Valve insufficiency may occur through a mitral cleft (i.e., a split in the valve apparatus), when the leaflet segments are subtended by chordae that travel to separate papillary muscles. This arrangement of chordal structures and papillary muscles causes the leaflet portions to distract away from each other during systole and allow regurgitation. This is in contrast to a commissure, in which adjacent leaflets contain chordae that attach to the ipsilateral papillary muscle and therefore coapt appropriately during systole. Although not all clefts exhibit regurgitation early in life, with growth of the heart and dilation of the left ventricle regurgitation becomes more likely. Cleft in the anterior leaflet region A2 is commonly seen in patients with endocardial cushion defects, but may occur in the absence of atrial or ventricular septal defects [21]. Atypical location of cleft in the anterior or posterior leaflet may occur in patients with heterotaxy syndrome [22].

Schematic illustration of in rare instances a fibrous mitral ring within the substance of the mitral valve leaflets causes valvar stenosis (midvalvar ring) and leaflet restriction.

Figure 34.7 In rare instances a fibrous mitral ring within the substance of the mitral valve leaflets causes valvar stenosis (midvalvar ring) and leaflet restriction. Associated obstructive lesions often can be identified that necessitate therapy, such as excess valvar tissue and fused papillary muscles. Source: Reproduced by permission from Zias EA et al. Ann Thorac Surg. 1998;66:1551–1559.

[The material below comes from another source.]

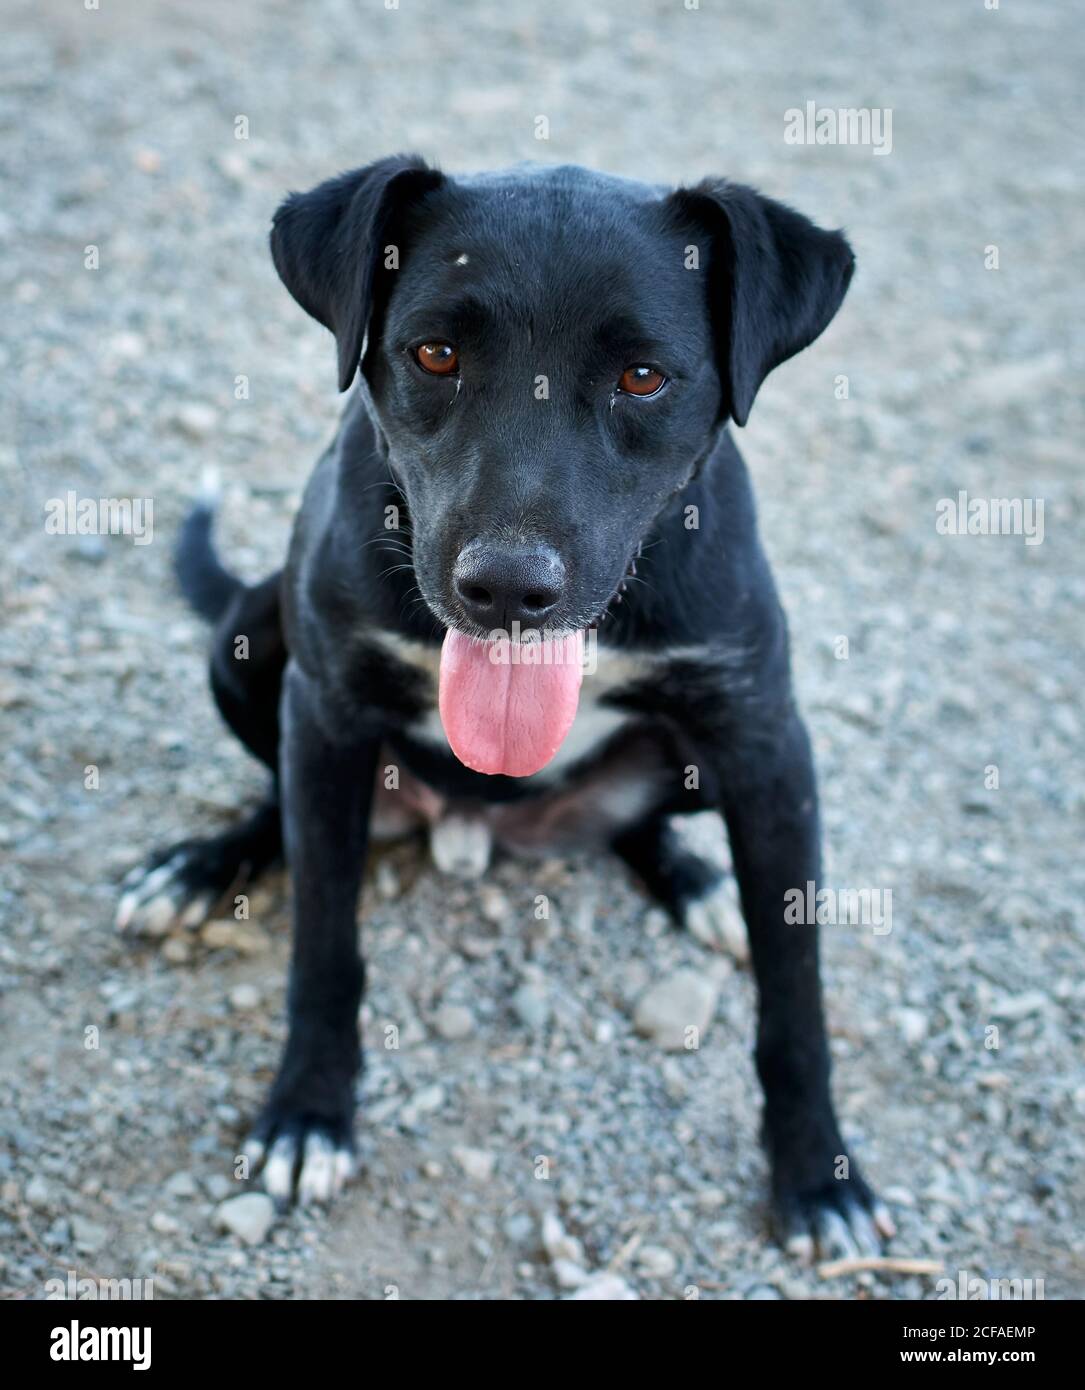 Vertical shot of a cute black Patterdale Terrier dog Stock Photo
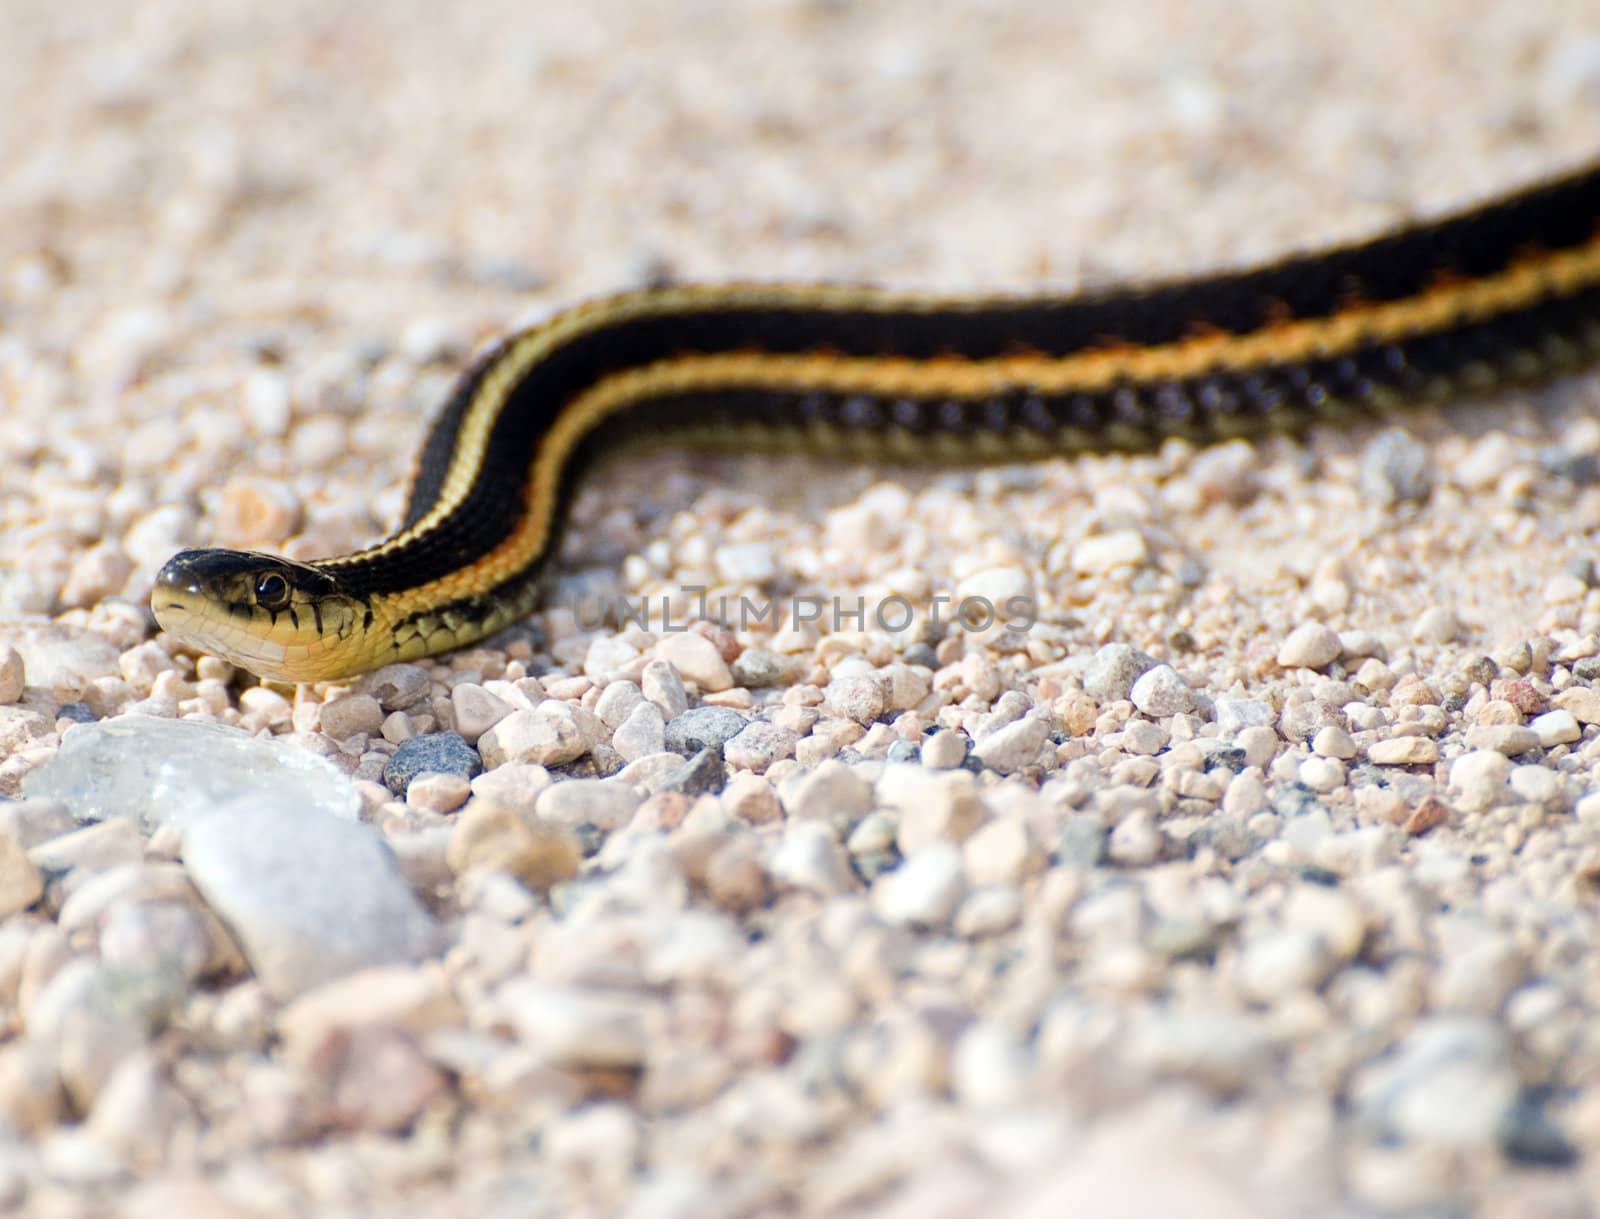 Closeup view of a garter snake slithering across some stones outside

Insufficient length of one or both leaflets (i.e., leaflet deficiency) may also lead to poor central coaptation and result in valve insufficiency. Etiology of leaflet deficiency may be either congenital or acquired (e.g., rheumatic disease). Leaflet deficiency must be distinguished from leaflet immobility, which often occurs in the setting of leaflet thickening. Leaflet thickening can occur due to multiple processes, including chronic valve insufficiency and subsequent leaflet scarring, atrial endocardial fibroelastosis extension, and extension of supravalvar membrane onto the leaflet itself. The specific etiology of the thickened leaflet may not be apparent by imaging or direct visualization. Leaflet mobility may also be reduced in the setting of tethering second‐order chordal attachments beneath the leaflet itself (see the subvalvar apparatus section below).


Double‐orifice mitral valve refers to a valve with two separate orifices, each supported by its own chordal and papillary muscle system (Figure 34.8). It is most commonly seen in patients with endocardial cushion defects [23]. In such patients with common AV canal defects, the dominant orifice is typically the anterior orifice, with the posterior orifice being much smaller. The bridge of tissue separating the two orifices is frequently mobile. This abnormality is rarely associated with significant insufficiency or stenosis, although patients with an additional cleft in the anterior orifice may have insufficiency through the cleft.

Schematic illustration of left atrial (A) and cutaway atrioventricular (B) views of double-orifice mitral valve.

Figure 34.8 Left atrial (A) and cutaway atrioventricular (B) views of double‐orifice mitral valve. More commonly, the smaller of the two orifices is in the right lateral position. The degree of stenosis is variable. Effective orifice‐enlarging reparative techniques have not been developed. Source: Reproduced by permission from Zias EA et al. Ann Thorac Surg. 1998;66:1551–1559.


Subvalvar Apparatus


The term “parachute” mitral valve has been used to describe the congenital abnormality in which all chordal attachments from both anterior and posterior leaflets coalesce onto a single papillary muscle within the left ventricular cavity [24]. A related abnormality is the finding of closely spaced papillary muscles. Presence of a single papillary muscle or closely spaced papillary muscles results in impaired excursion of leaflet tips, thus resulting in stenosis.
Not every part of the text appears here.